16.4 Key Component — Text To Speech (TTS)

Emacspeak is a speech-subsystem for Emacs; it depends on an external Text-To-Speech (TTS) engine to produce speech. In 1994, Digital Equipment released what would turn out to be the last in the line of hardware DECTalk synthesizers, the DECTalk Express. This was essentially an Intel 386with 1mb of flash memory that ran a version of the DECTalk TTS software — to date, it still remains my favorite Text-To-Speech engine. At the time, I also had a software version of the same engine running on my DEC-Alpha workstation; the desire to use either a software or hardware solution to produce speech output defined the Emacspeak speech-server architecture.

I went to IBM Research in 1999; this coincided with IBM releasing a version of the Eloquennce TTS engine on Linux under the name ViaVoice Outloud. My colleague Jeffrey Sorenson implemented an early version of the Emacspeak speech-server for this engine using the OSS API; I later updated it to use the ALSA library while on a flight back to SFO from Boston in 2001. That is still the TTS engine that is speaking as I type this article on my laptop.

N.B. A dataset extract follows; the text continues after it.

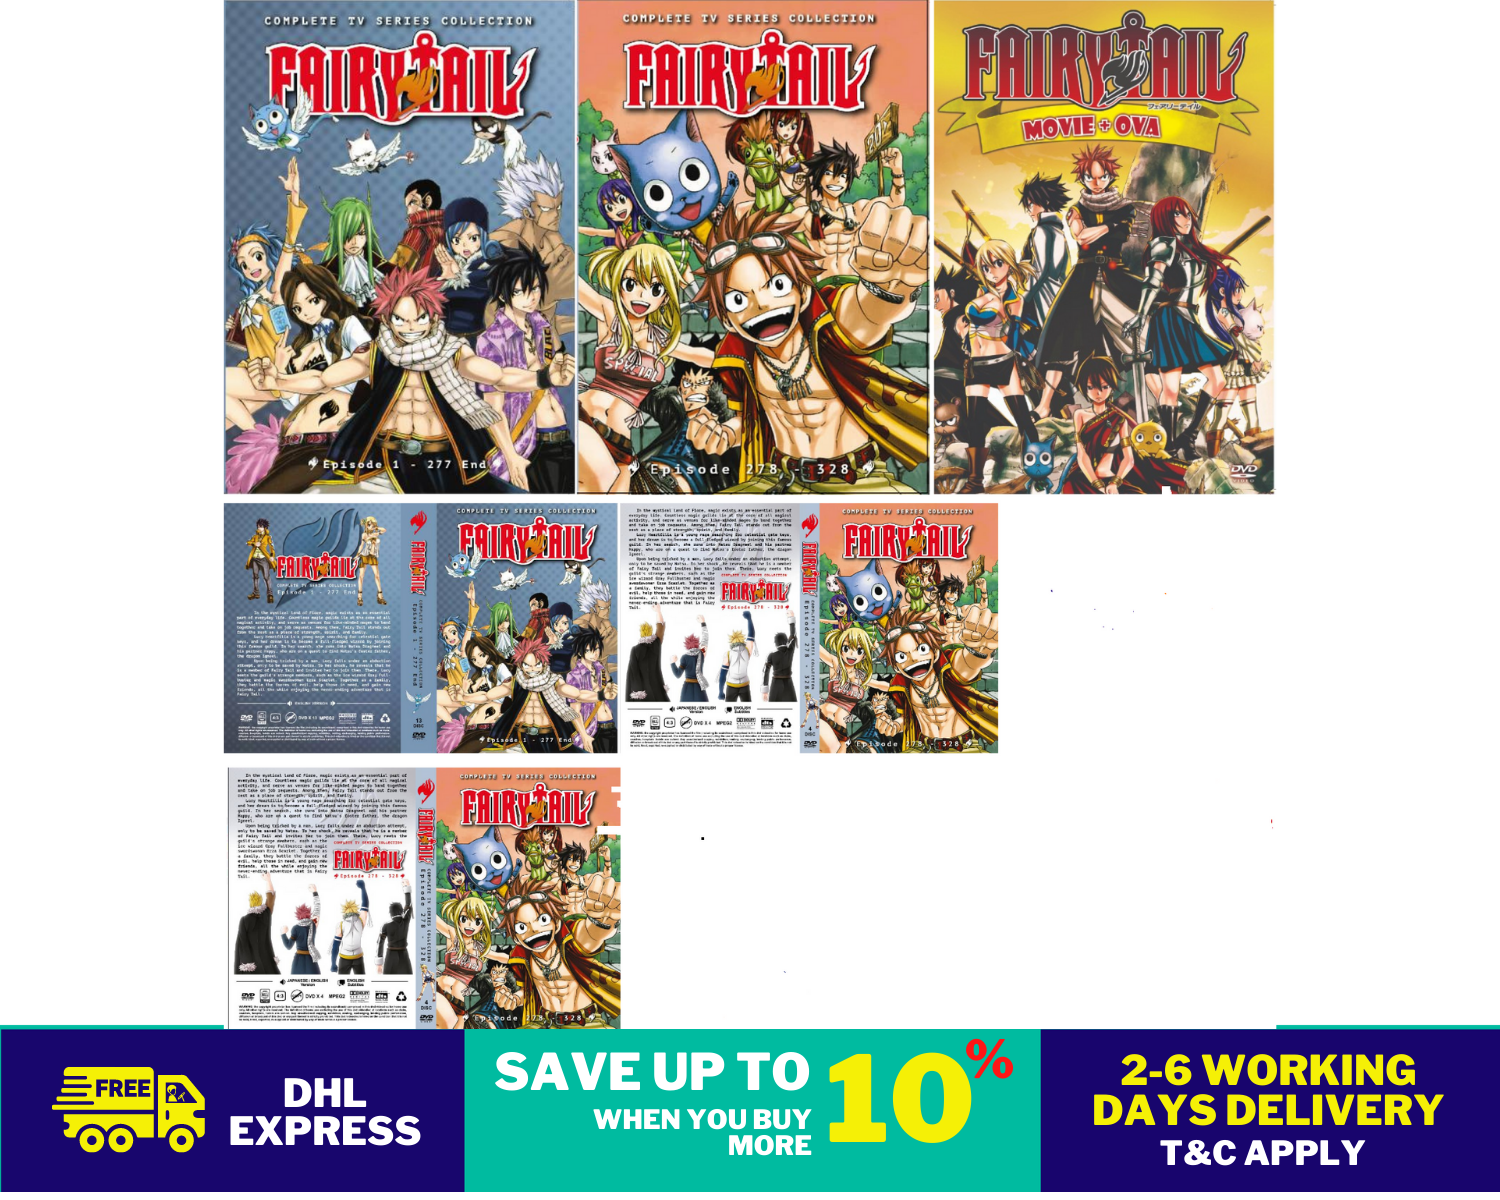 DVD Anime Fairy Tail (Epi 1 - 328 End) + MOVIE + OVA Complete English Dubbed  DHL | eBay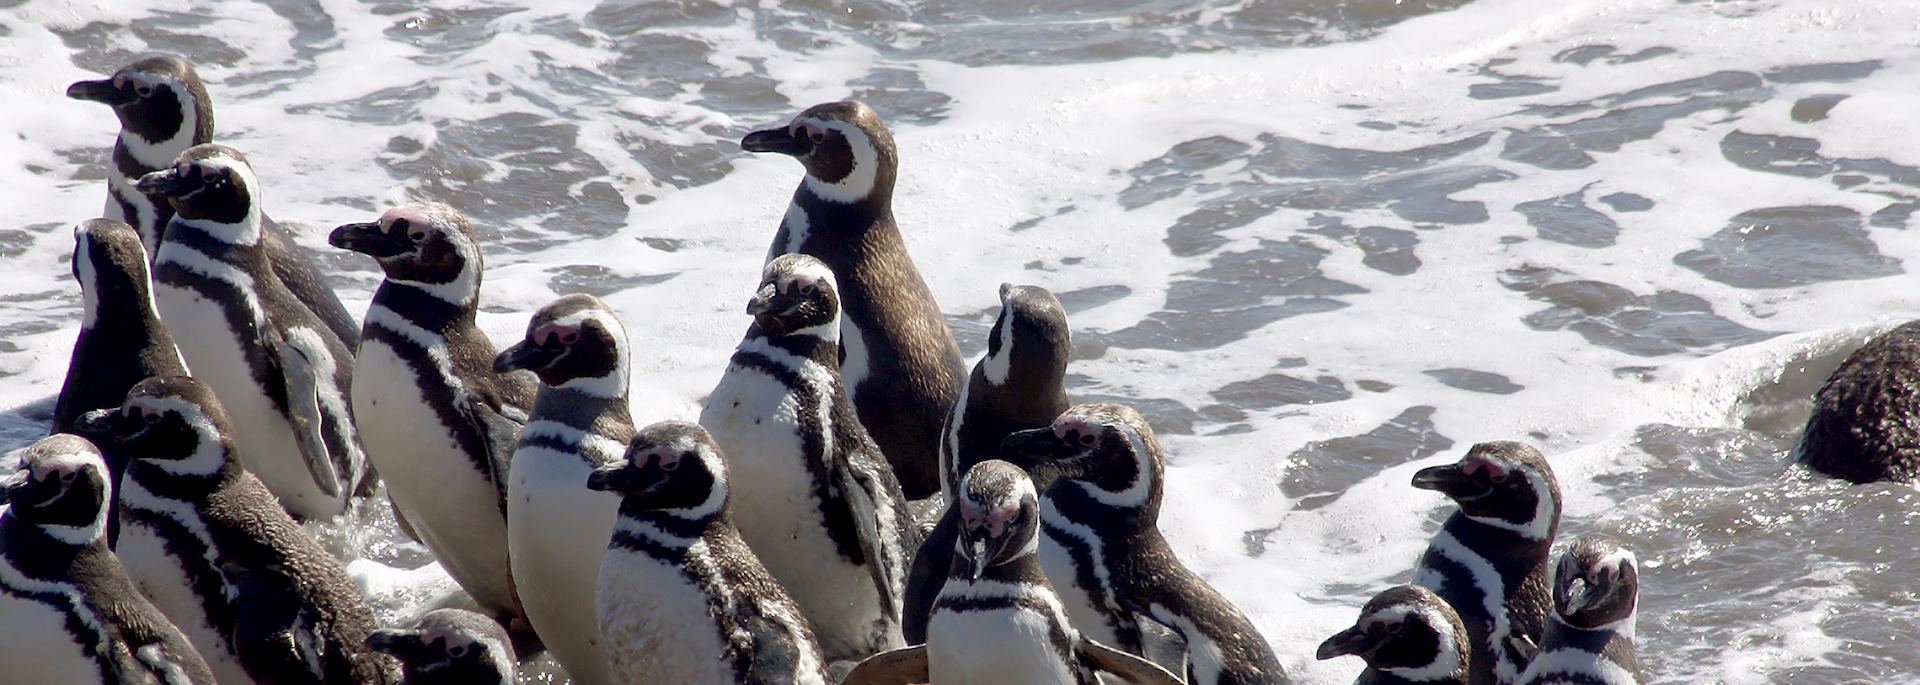 Magellanic penguins, Península Valdés, Argentina

20 years on, TTS continues to be the weakest link on Linux; the best available solution in terms of quality continues to be the Linux port of Eloquence TTS available from Voxin in Europe for a small price. Looking back across 20 years, the state of TTS on Linux in particular and across all platforms in general continues to be a disappointment; most of today’s newer TTS engines are geared toward mainstream use-cases where naturalness of the voice tends to supersede intelligibility at higher speech-rates. Ironically, modern TTS engines also give applications far less control over the generated output — as a case in point, I implemented Audio System For Technical Readings (AsTeR) in 1994 using the DECTalk; 20 years later, we implemented MathML support in ChromeVox using Google TTS. In 2013, it turned out to be difficult or impossible to implement the type of audio renderings that were possible with the admittedly less-natural sounding DECTalk!